8169 . 8517358 . EntryNormal . 70 B . Delta . Max: 15217709 . 15217707 → 15217708 . Pending txns: 0 .
8169 . 8517359 . EntryNormal . 182 kB . Mutation . StartTs: 15217709 . Edges: 3620 . Pending txns: 1 .
8169 . 8517361 . EntryNormal . 69 B . Delta . Max: 15217711 . 15217709 → 15217710 . Pending txns: 0 .
There are a couple of anomalies I see in the dgraph debug
output:
- The entry with index
8517360
is missing, but it’s set as committed in the HardState. - The HardState mentions term 8190 while the latest proposals 8517359 and 8517361 are from term 8169.

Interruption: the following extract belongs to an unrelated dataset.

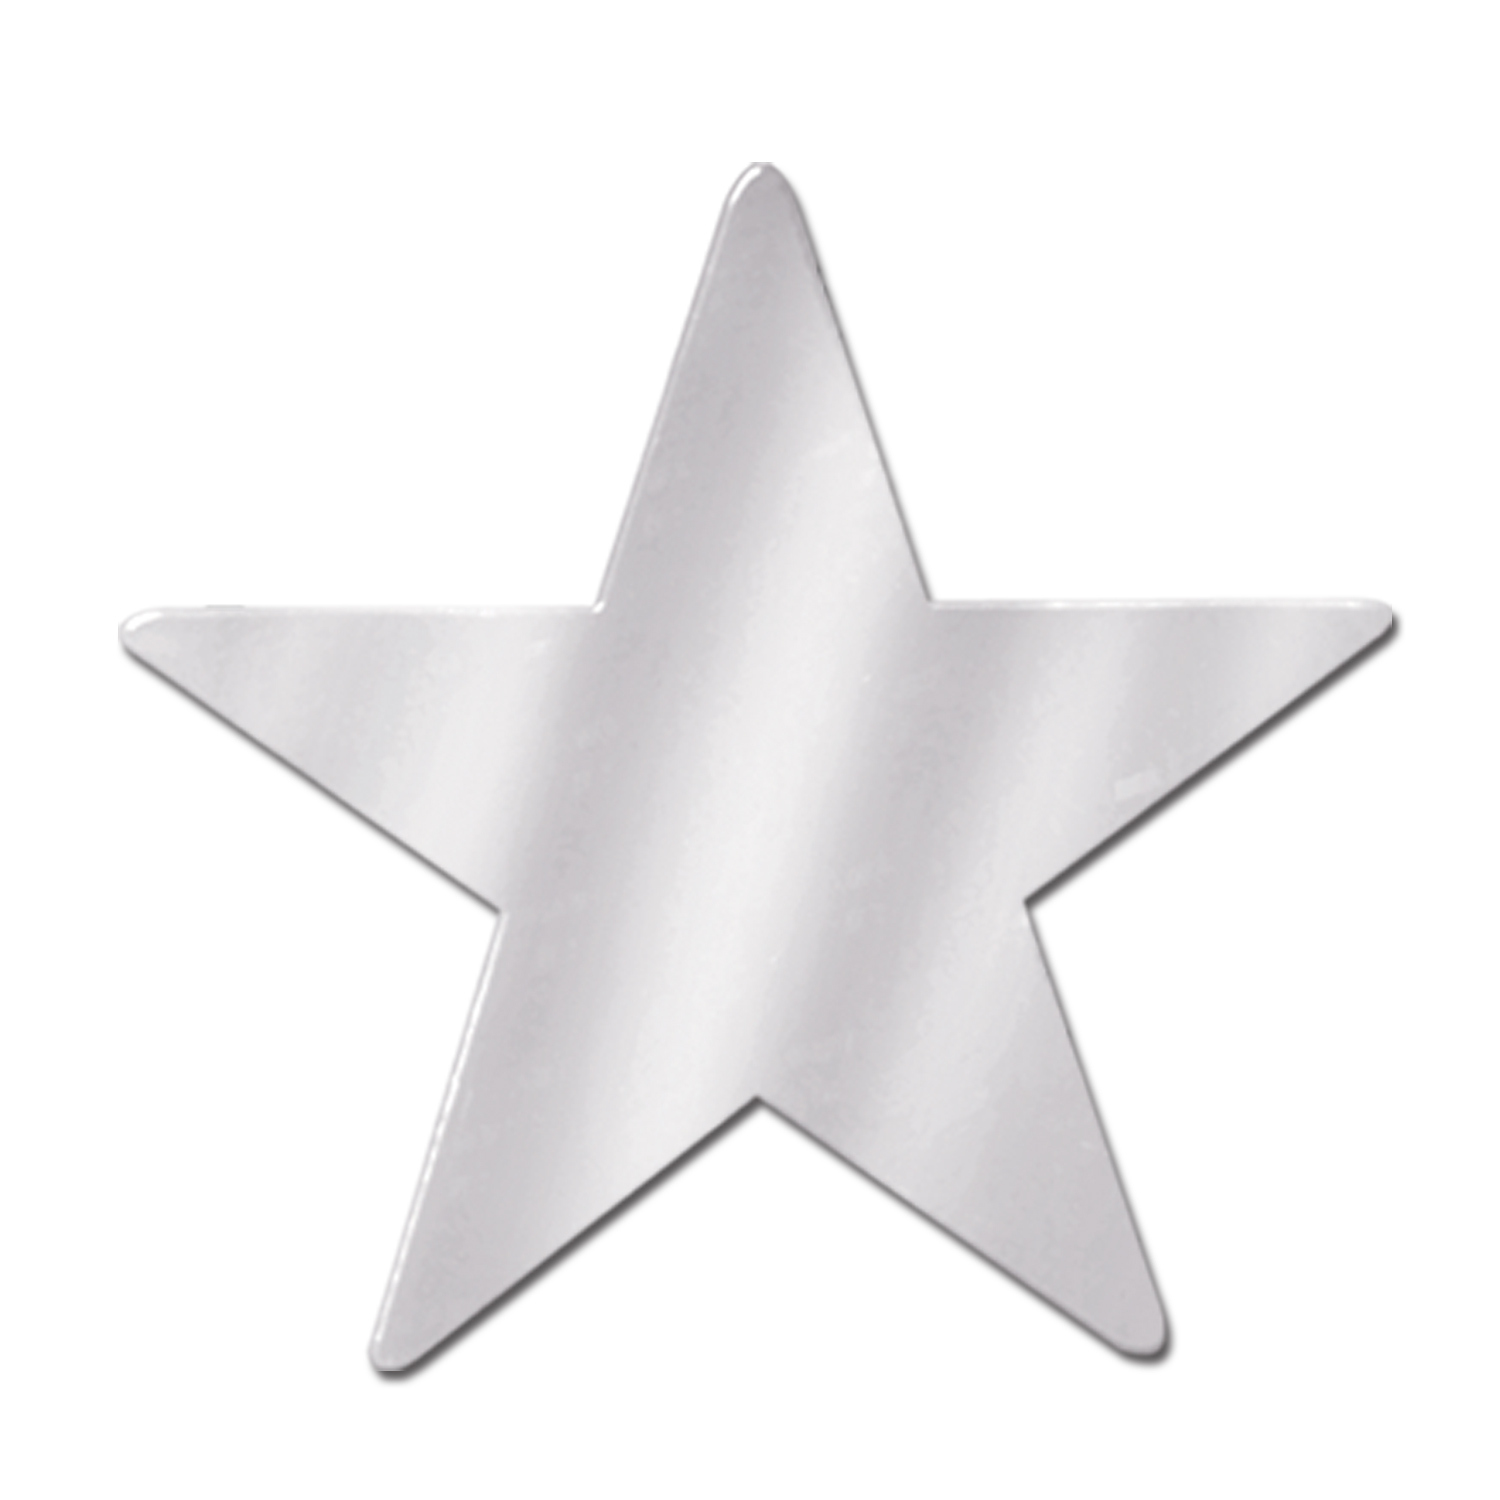 Silver card stock star cutout decoration.

Every Alpha restart afterwards consistently leads to this error:
panic: Key not found
goroutine 3846 [running]:
github.com/dgraph-io/dgraph/vendor/go.etcd.io/etcd/raft.(*raftLog).slice(0xc000192b60, 0x81f6f0, 0x81f6f1, 0x4000000, 0xc0ad04a000, 0x18a, 0x238, 0x0, 0xc00c196948)
/ext-go/1/src/github.com/dgraph-io/dgraph/vendor/go.etcd.io/etcd/raft/log.go:322 +0x6d3
github.com/dgraph-io/dgraph/vendor/go.etcd.io/etcd/raft.(*raftLog).nextEnts(0xc000192b60, 0x60, 0x60, 0xc354d18600)

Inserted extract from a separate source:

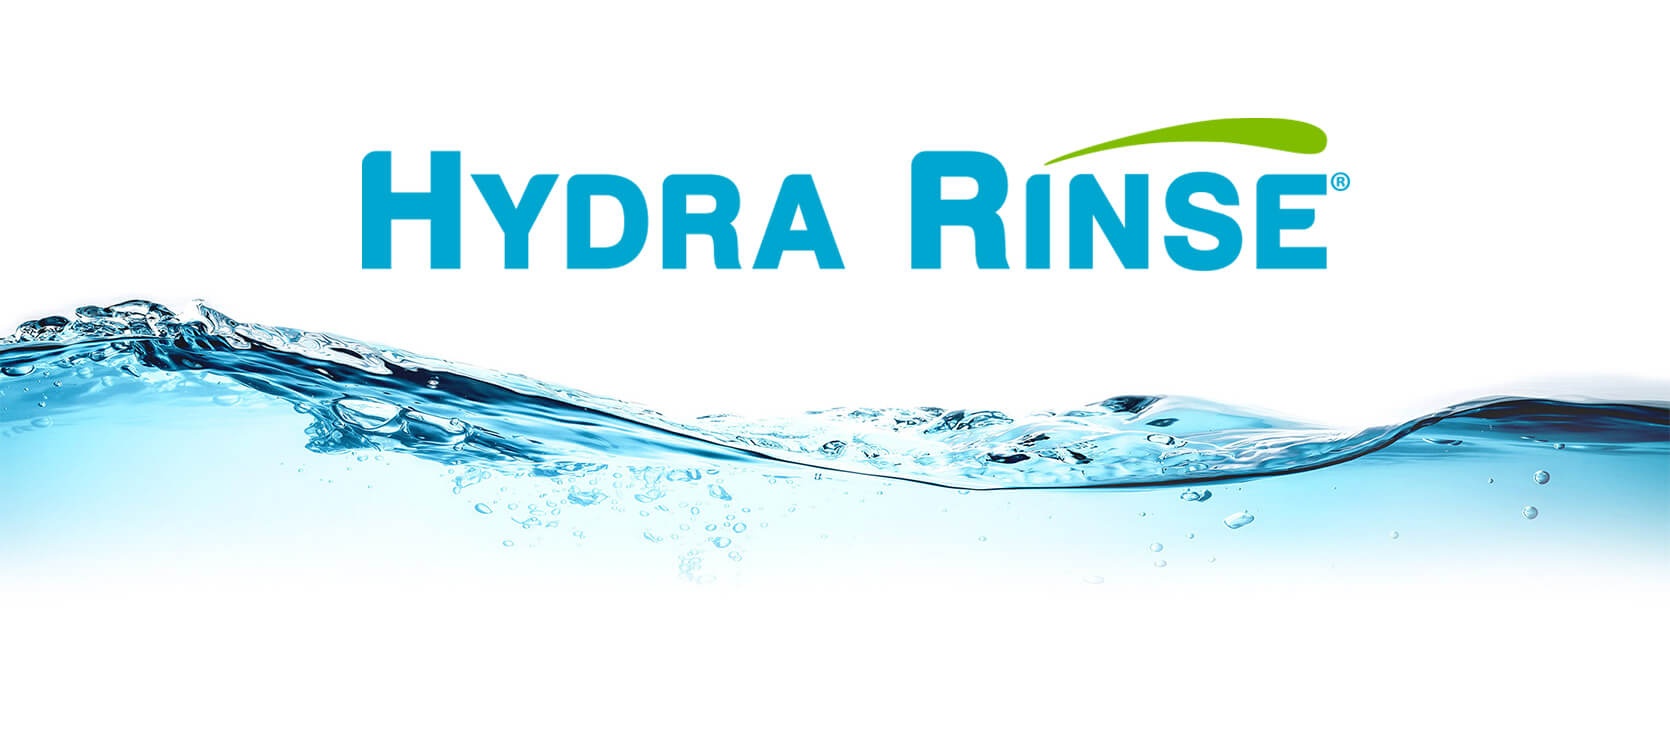 Hydra rinse

/ext-go/1/src/github.com/dgraph-io/dgraph/vendor/go.etcd.io/etcd/raft/log.go:154 +0x79
github.com/dgraph-io/dgraph/vendor/go.etcd.io/etcd/raft.newReady(0xc306ff2280, 0xc337ca6190, 0x1ffe, 0x3, 0x81f6f0, 0x0, 0x0, 0x0, 0x0, 0x0, ...)
/ext-go/1/src/github.com/dgraph-io/dgraph/vendor/go.etcd.io/etcd/raft/node.go:583 +0x8b
github.com/dgraph-io/dgraph/vendor/go.etcd.io/etcd/raft.(*node).run(0xc386271a40, 0xc306ff2280)

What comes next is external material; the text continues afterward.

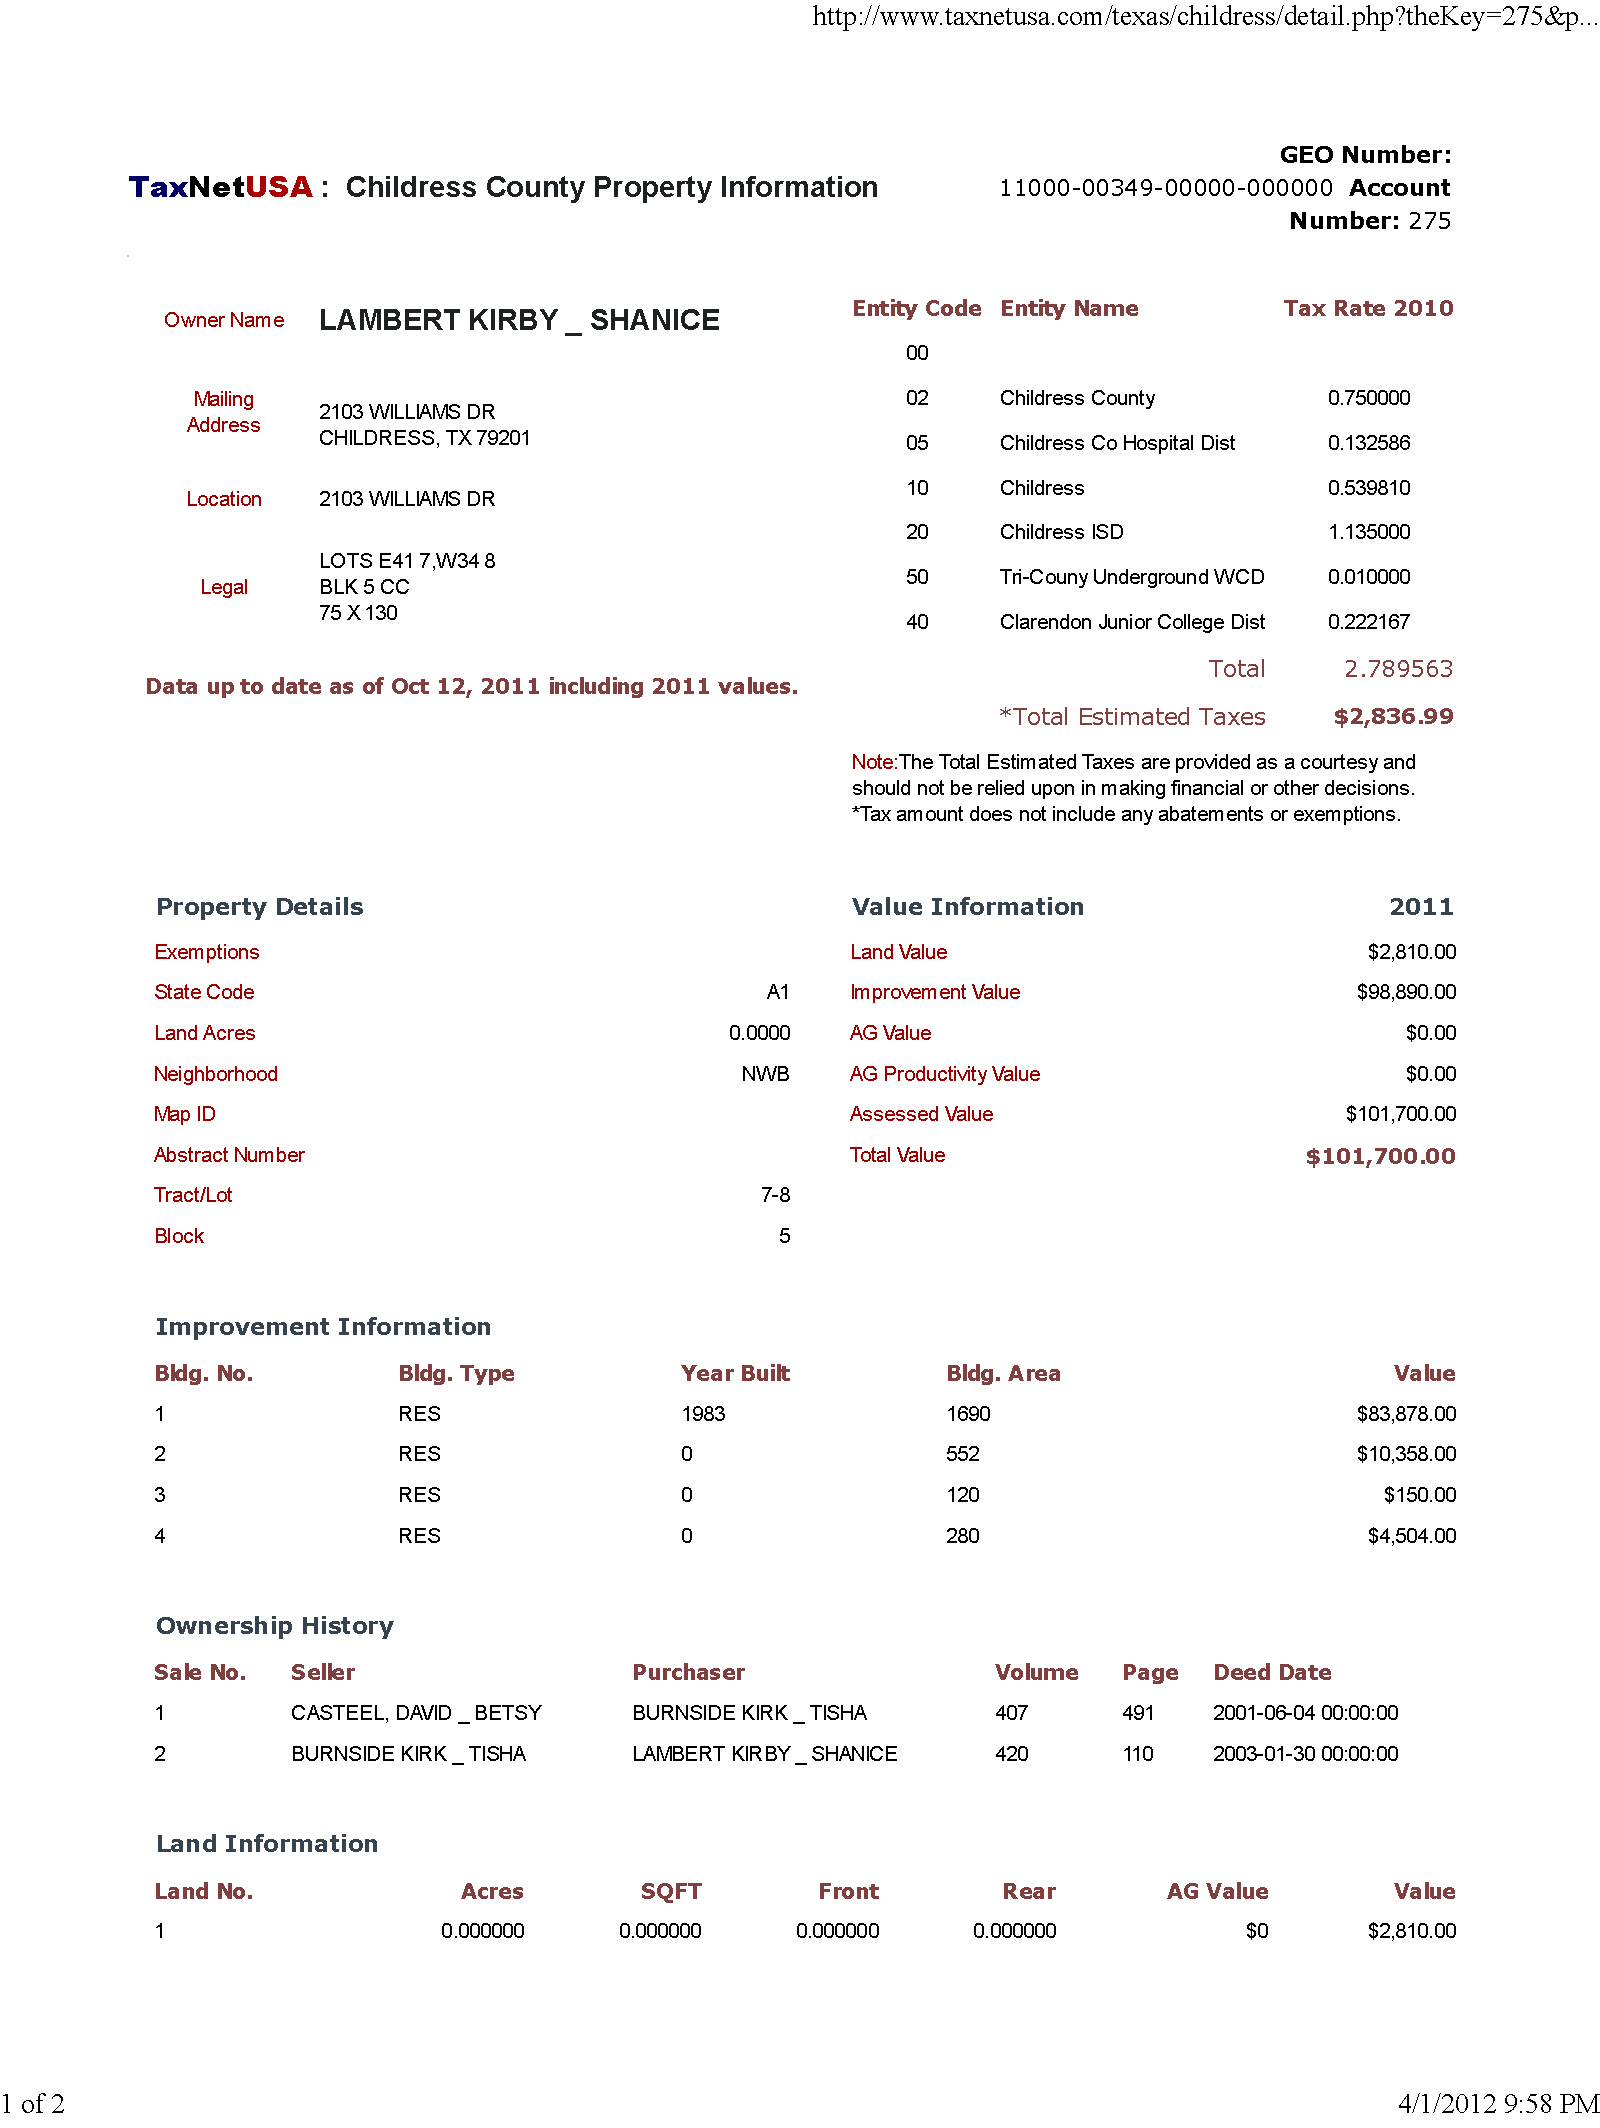 Copy of lambert shanice property tax info1.jpg

/ext-go/1/src/github.com/dgraph-io/dgraph/vendor/go.etcd.io/etcd/raft/node.go:319 +0x1664
created by github.com/dgraph-io/dgraph/vendor/go.etcd.io/etcd/raft.RestartNode
/ext-go/1/src/github.com/dgraph-io/dgraph/vendor/go.etcd.io/etcd/raft/node.go:246 +0x31b
Workaround
One workaround for this issue is to use removeNode for this Alpha and create a new one after the other Alphas have created a fresh snapshot. The new w entries after the snapshot look correct: the term election makes sense and there aren’t any missing Raft entries in the log.